Some kindergartners and first graders can think of nothing worse than being placed in an unfamiliar setting without mom or dad.
And it can be equally unnerving for a child going from a familiar school to a new school, or from a special education to a mainstream setting.
Preparing youngsters for the transition is a responsibility parents should take seriously, urged Vera Glueck, principal at Sikeston Kindergarten Center.
"I think the separation from a parent is a child's biggest fear and there are some things parents can do to get rid of some of that fear when it comes to school. Sometimes it helps when a parent goes over his or her own schedule," she suggested. "Say 'while you're at school mom will be... and when you get out of school I'll be..."
Tell the child who will pick him up from school and where he'll go from there, whether it's home or to a babysitter. Also include when you yourself will be home. Go over the daily schedule at bedtime each night, beginning with what will happen when the child awakens to eating breakfast to coming home after school.
Although some parents have a tough time accepting that their child is old enough to attend school, Glueck urged adults to try to keep their emotions in check. Children can sense how mom and dad feel about their going to school and a negative feeling can be easily transferred.
Routine is also important during the school year, she said. Children should have a set bathtime and bedtime, remembering that even as an adult, getting used to a certain schedule is beneficial.
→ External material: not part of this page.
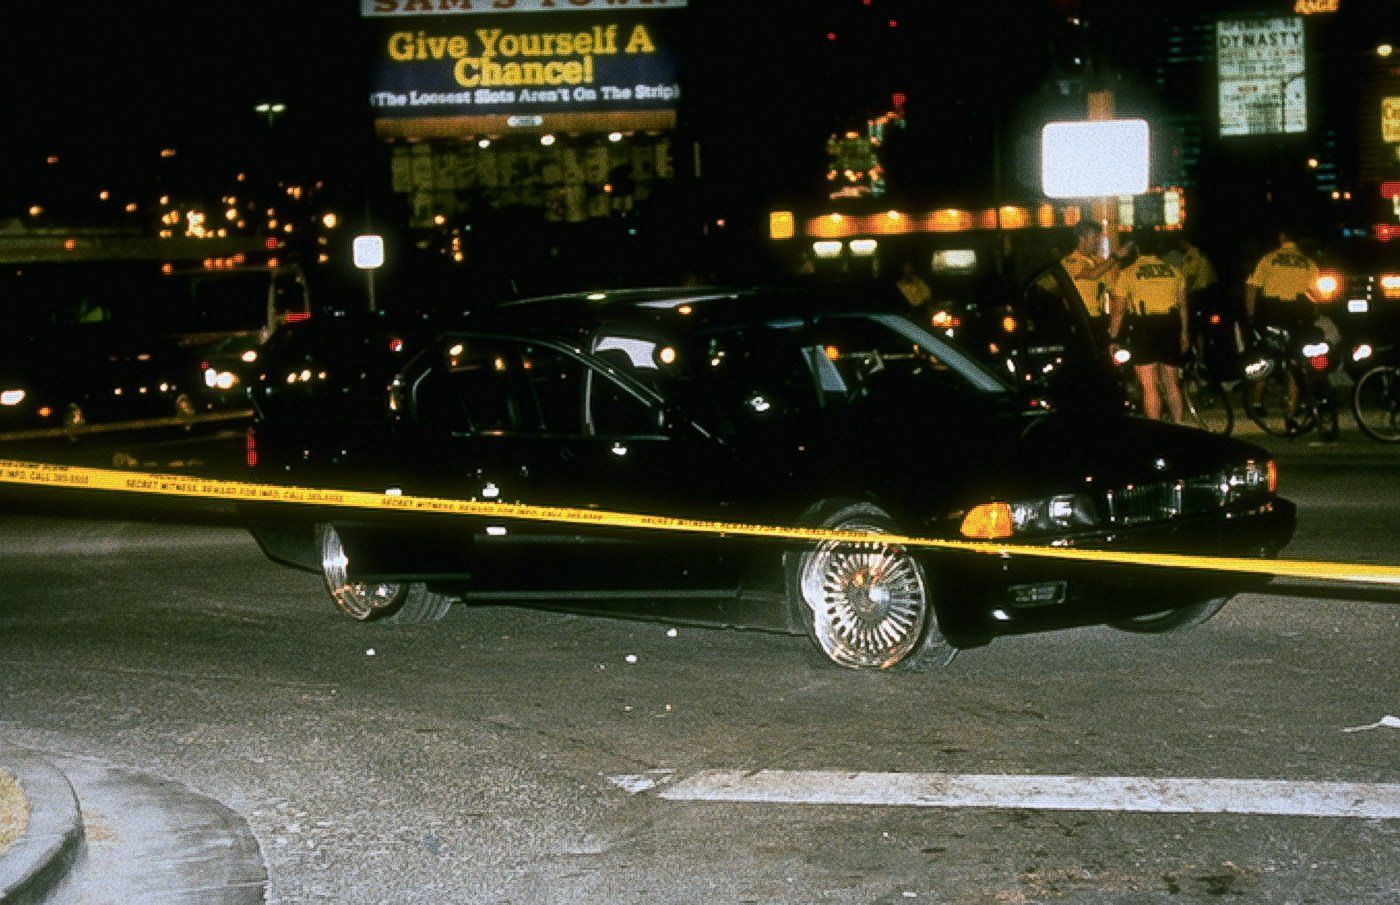 2pac-tupac-murdered-in-this-car-vehicle-1996-las-vegas-2.jpg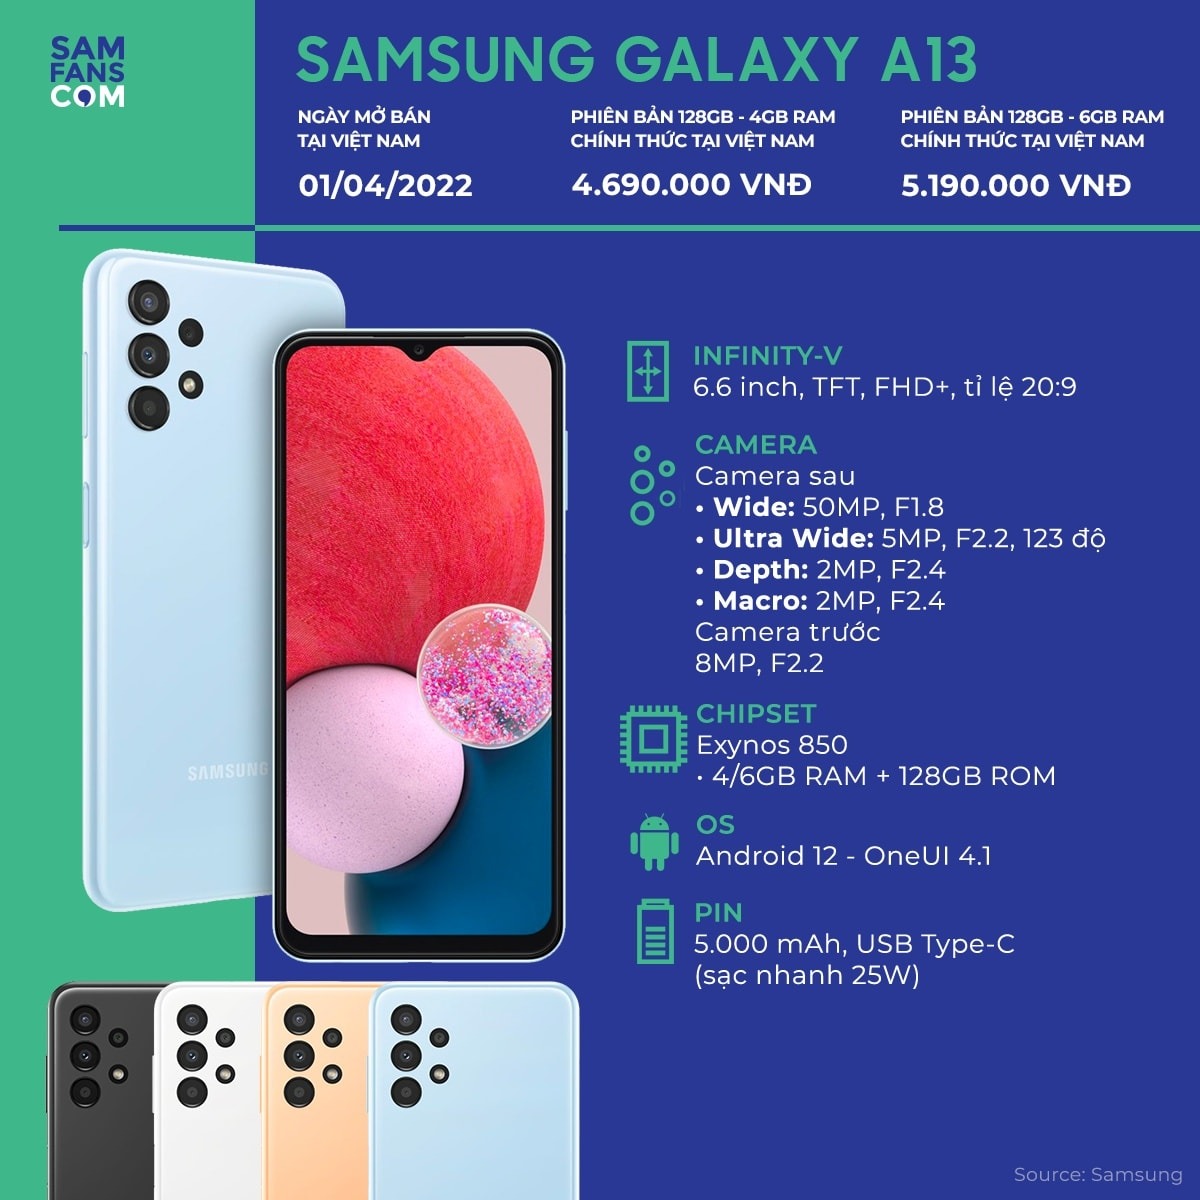 Samsung Galaxy A13 5G ra mắt: Màn hình 90Hz, Dimensity 700 và pin 5.000 mAh - 1648447042

To make certain the morning goes smoothly, lay out the child's clothes the night before and decide what will be served for breakfast.
Most would agree every day can't be flawless and children too, have days that could have gone better. Glueck suggested if a child seems to have had a bad experience that day at school, give him time to talk about it, but don't dwell on it, she recommended.
"Then when the child is out of sight, I'd call the teacher and ask what happened," she said. "Between the two of you, decide how the problem can be addressed."
Glueck is enthusiastic about the start of school on Wednesday and said she wants all of her students to feel the same way. "One thing parents can do is put a note or a picture in the child's backpack to reassure the child, they really enjoy that. You want to make this a positive experience because the first two or three days of school have a big bearing on how the child will feel about school as a whole."